Pospelove avatar Jan 14 '22 12:01 Pospelove

I had a feeling this would eventually happen. To my knowledge, the Arch devs only make changes when absolutely necessary, so if the issue isn't resolved soon, it'll likely start breaking with other distros as well.

Eggbertx avatar Jan 15 '22 23:01 Eggbertx

I'm 99% confident that the failure on Arch was to be do with PAL.

Relevant info

  • PAL is a component taken from dotNetCoreCLR and embedded in the ChakraCore source.
  • PAL is a shim of much of the windows C runtime on top of the linux of macOS C runtimes
  • PAL within ChakraCore is modified quite a bit from the original so updating to latest PAL as a fix isn't an (easy) option
  • as a long term goal I'd like to remove PAL but I honestly don't know if I'm ever going to have enough time to do that.
  • the ARCH crash specifically appeared to be do with the thread manager that PAL provides (chakracore uses Windows style thread handling which PAL shims on top of the relevant linux apis)

ICU An ICU related failure is almost certainly a different issue - and hopefully a much easier fix as we do just link to ICU rather than distributing it with the CC source - I'm not aware of anything in the CC source that locks us to a specific ICU version other than a default link target which we could update.

rhuanjl avatar Jan 22 '22 11:01 rhuanjl

Would it be possible at all to replace PAL with a more natural system without having to rewrite the majority of the codebase for CC as a whole?
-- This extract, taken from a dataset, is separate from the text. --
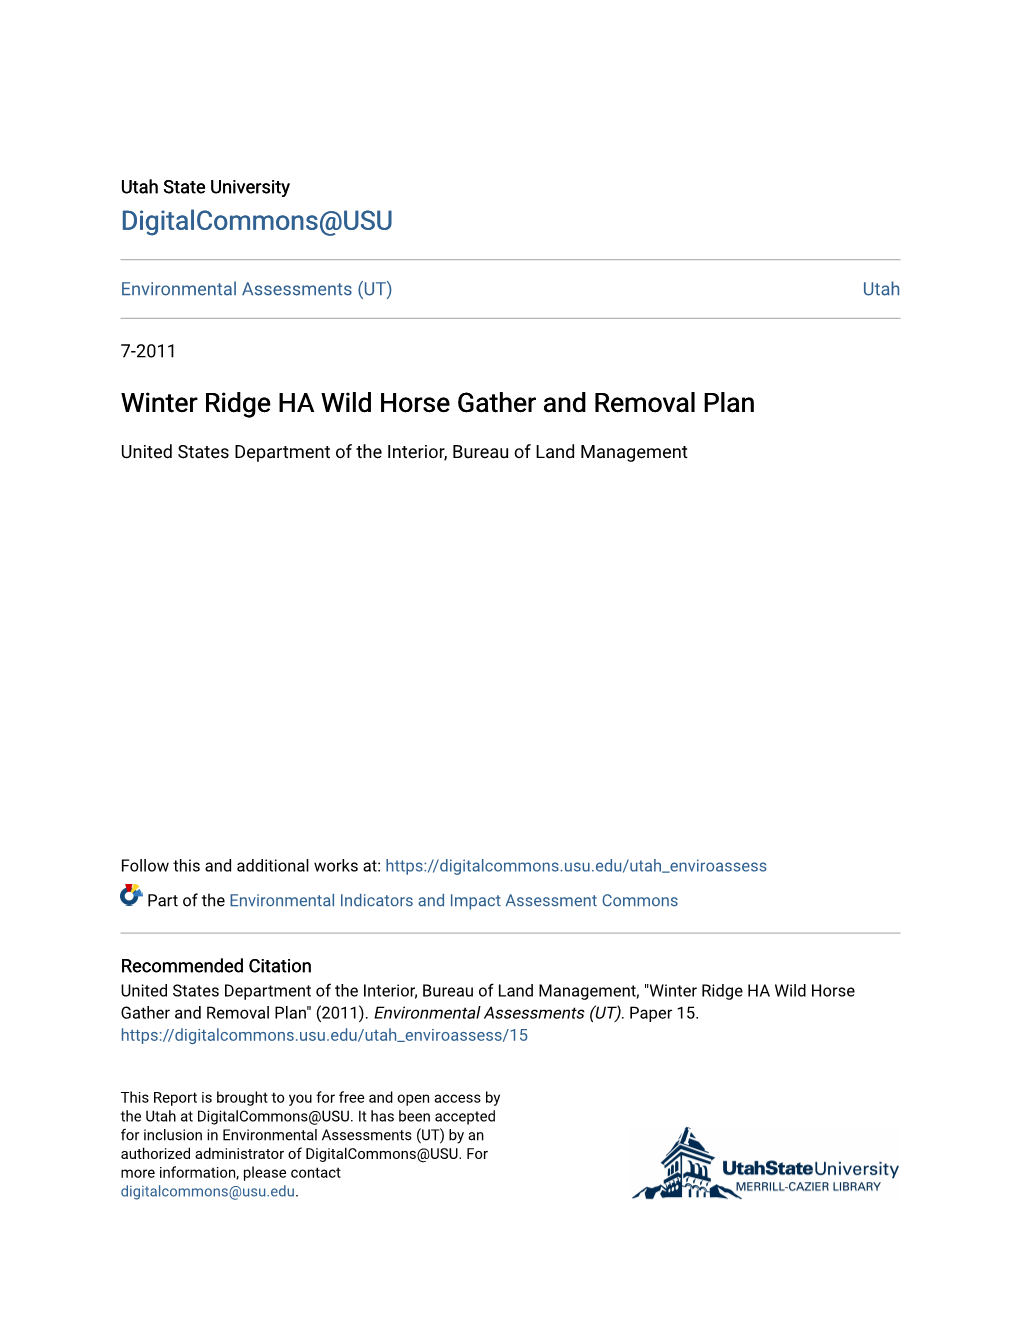 Winter Ridge HA Wild Horse Gather and Removal Plan

Eggbertx avatar Jan 24 '22 06:01 Eggbertx

I've tried building with --embed-icu, but had no luck either. Though it links with an older version. Worth trying to specify the aame one Ubuntu 20.04 ships (66). I think I'll try that sometime later

nic11 avatar Jan 24 '22 09:01 nic11

Would it be possible at all to replace PAL with a more natural system without having to rewrite the majority of the codebase for CC as a whole?

I'd like to investigate this - the big piece to look into is thread handling and what calls exactly are being used to create and manage threads also how spread out across the codebase they are - it shouldn't actually be that invasive a change as there's only a few things that can spin up a thread.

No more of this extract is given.